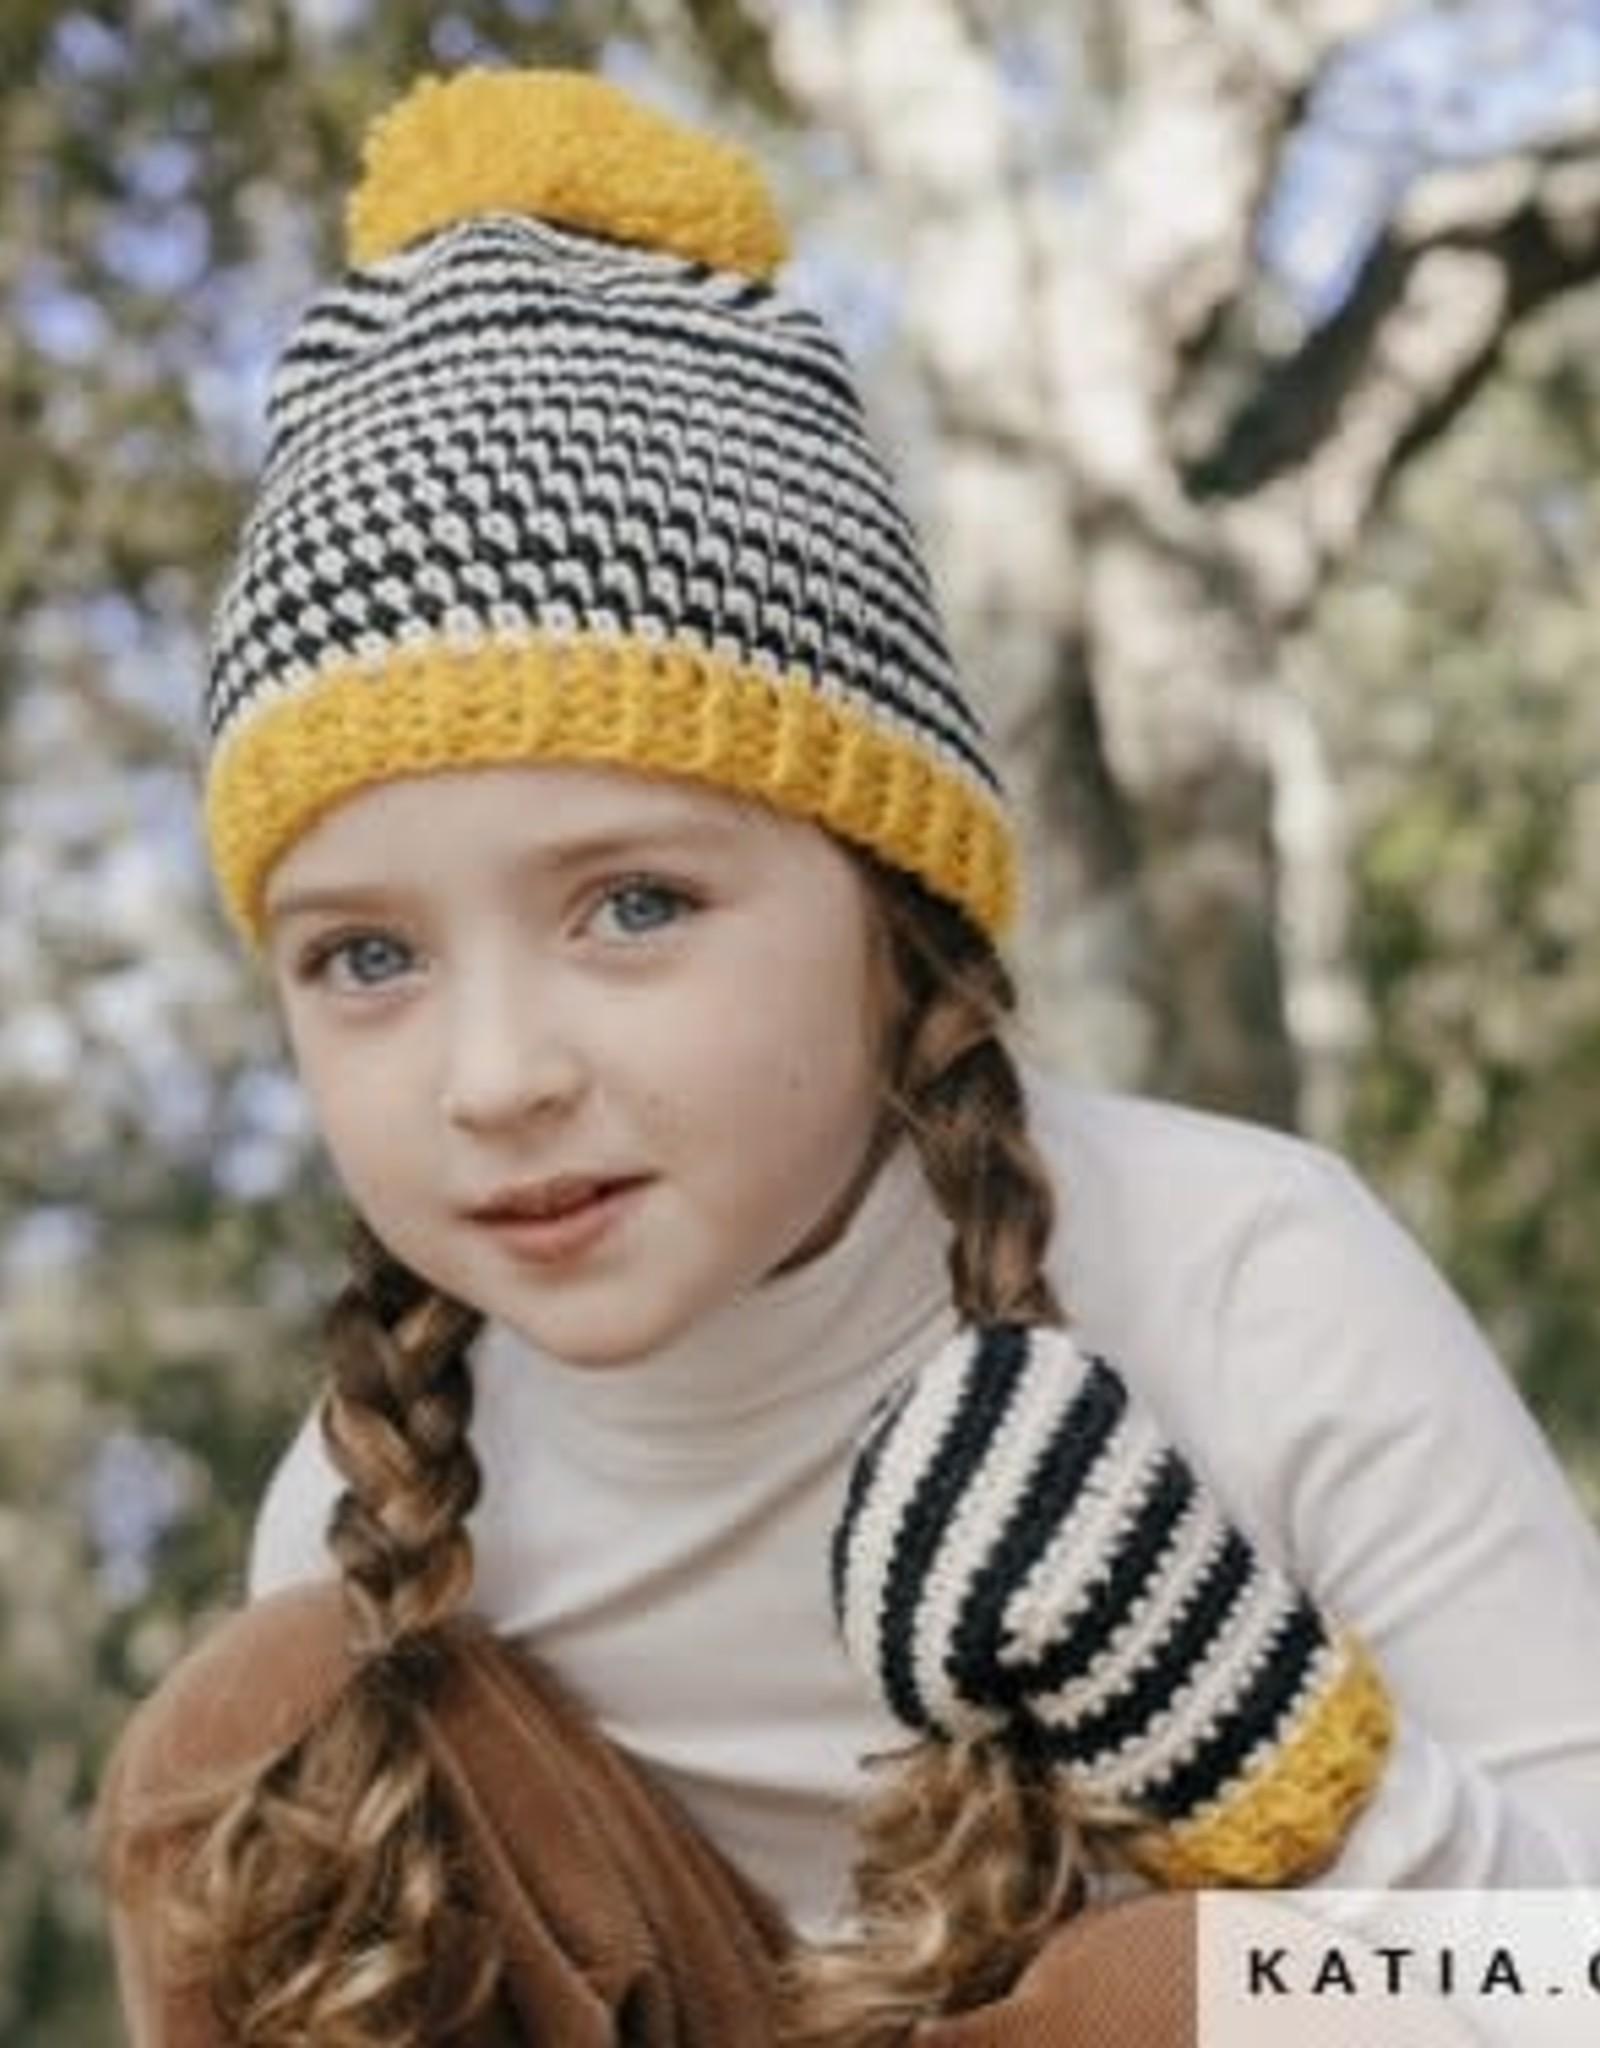 Katia Katia merino aran 11 zeer licht beige
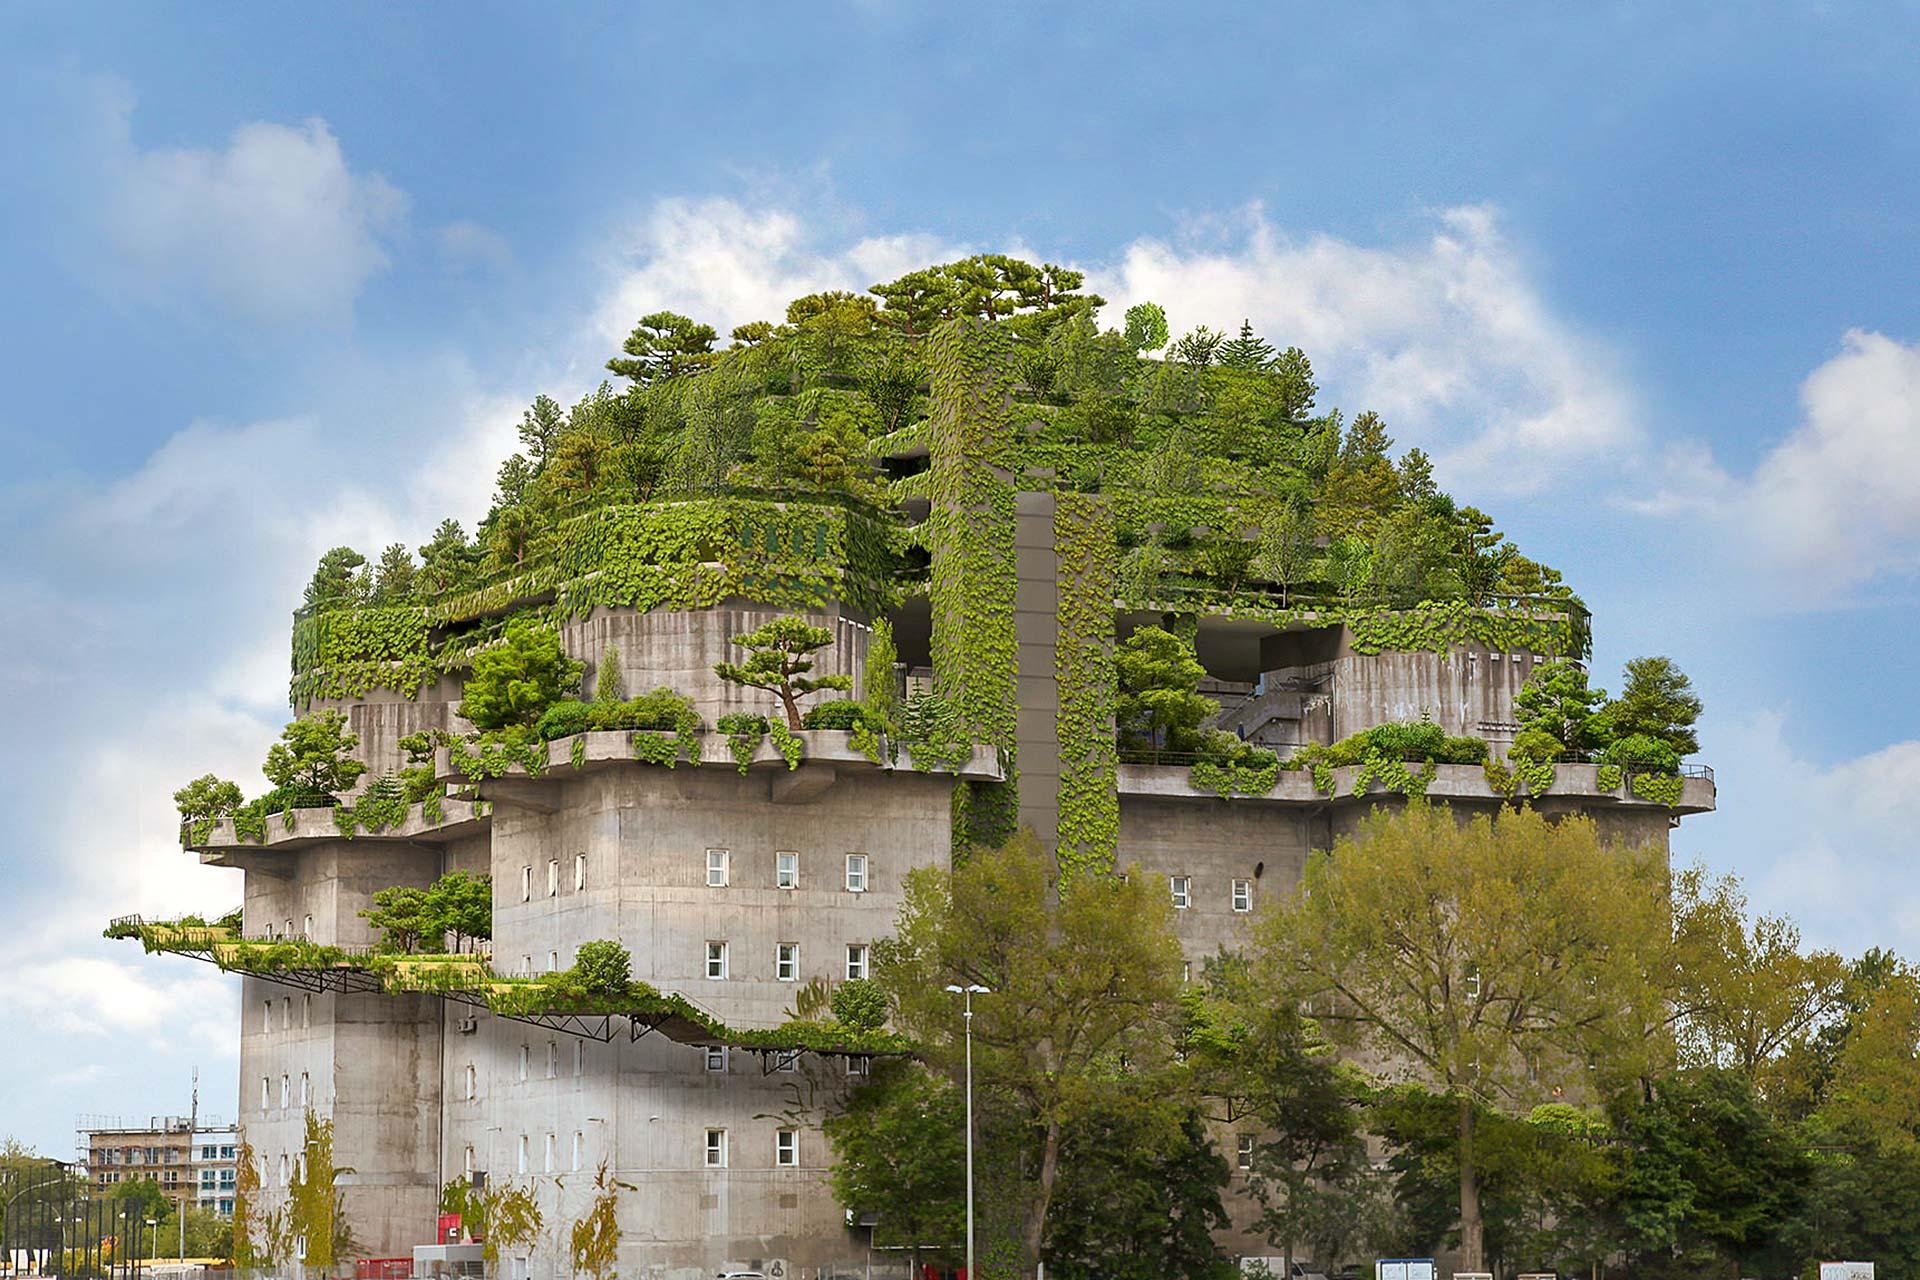 Projekte: Stadtgarten in Hamburg (2020-2021) - Aufstockung des Bunkers
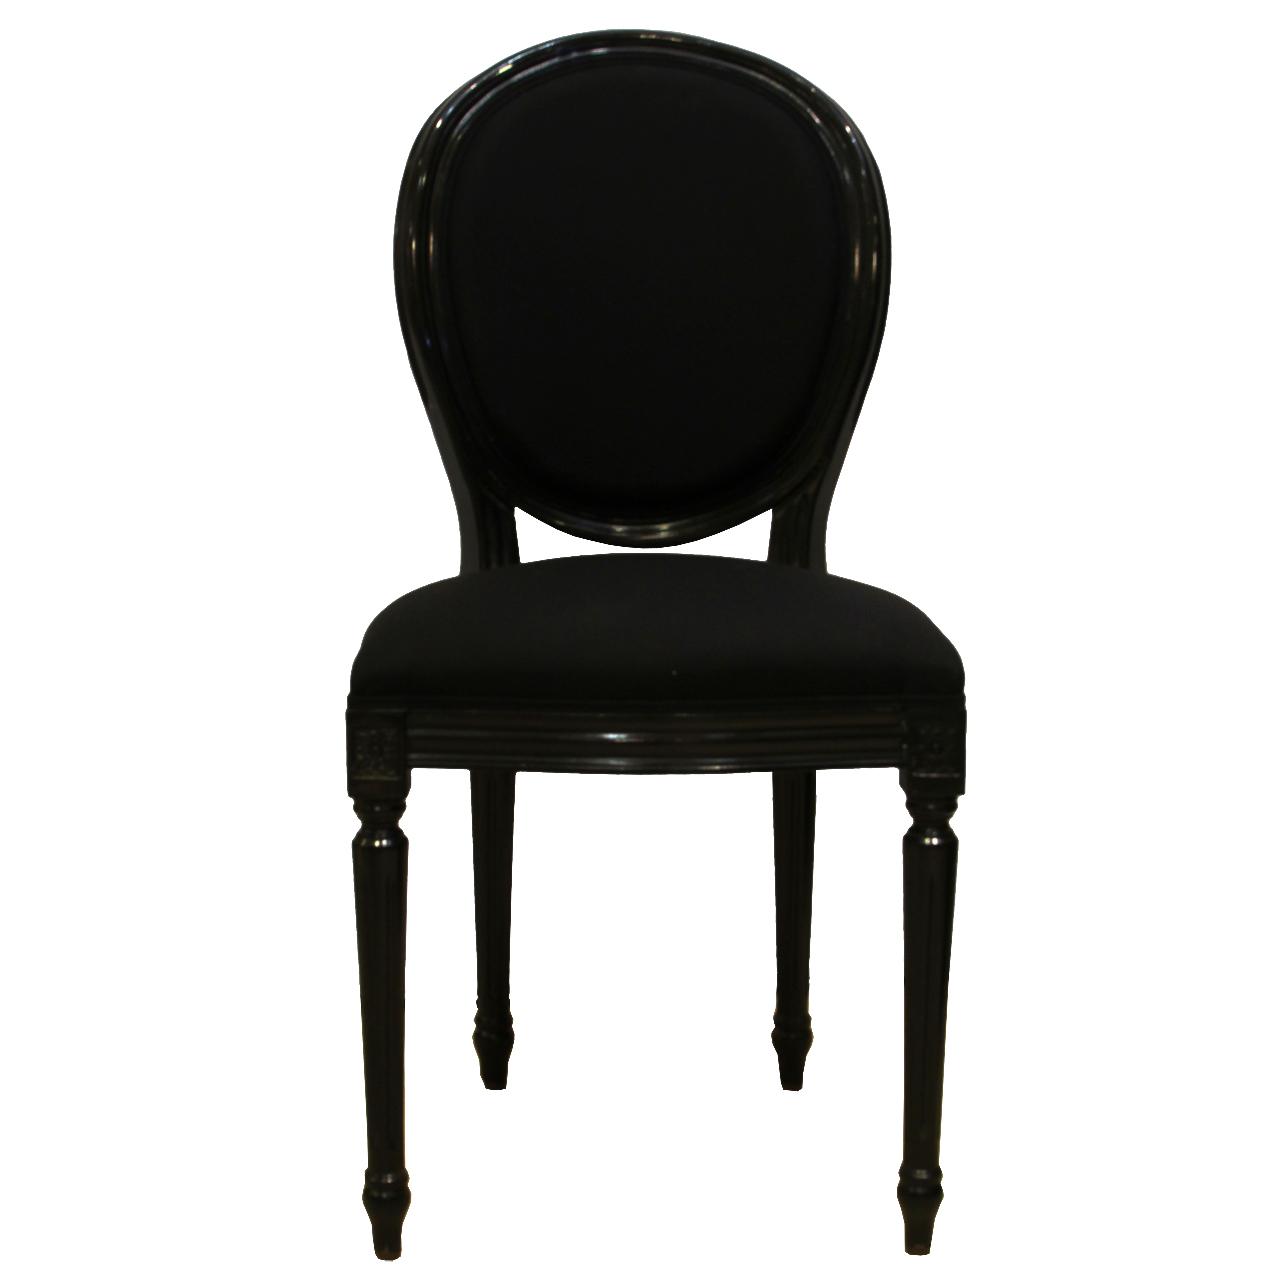 Scaun Louis din lemn negru cu tapiterie la alegere 40x45x96 cm chicville 2021
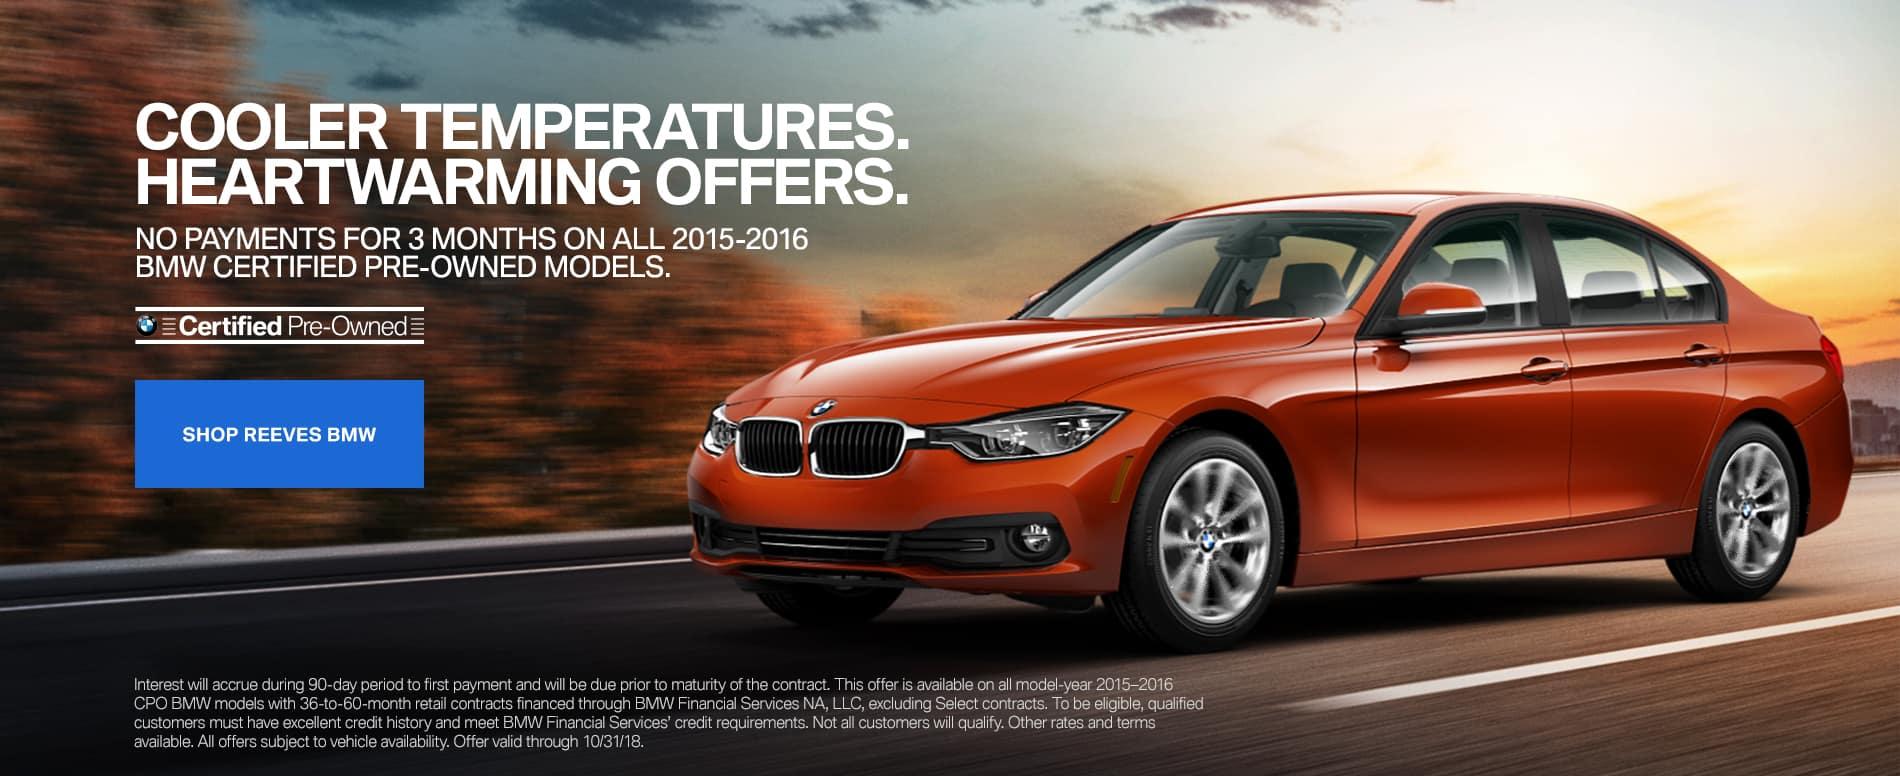 BMW CPO September Offer

## Goal of the exercise
Once the pictures are set aside, what is needed is the lines from the line with "Scaun Louis din" through the end of the data, written out exactly and alone.

## Solution to this exercise
 Scaun Louis din lemn negru cu tapiterie la alegere 40x45x96 cm chicville 2021
 BMW CPO September Offer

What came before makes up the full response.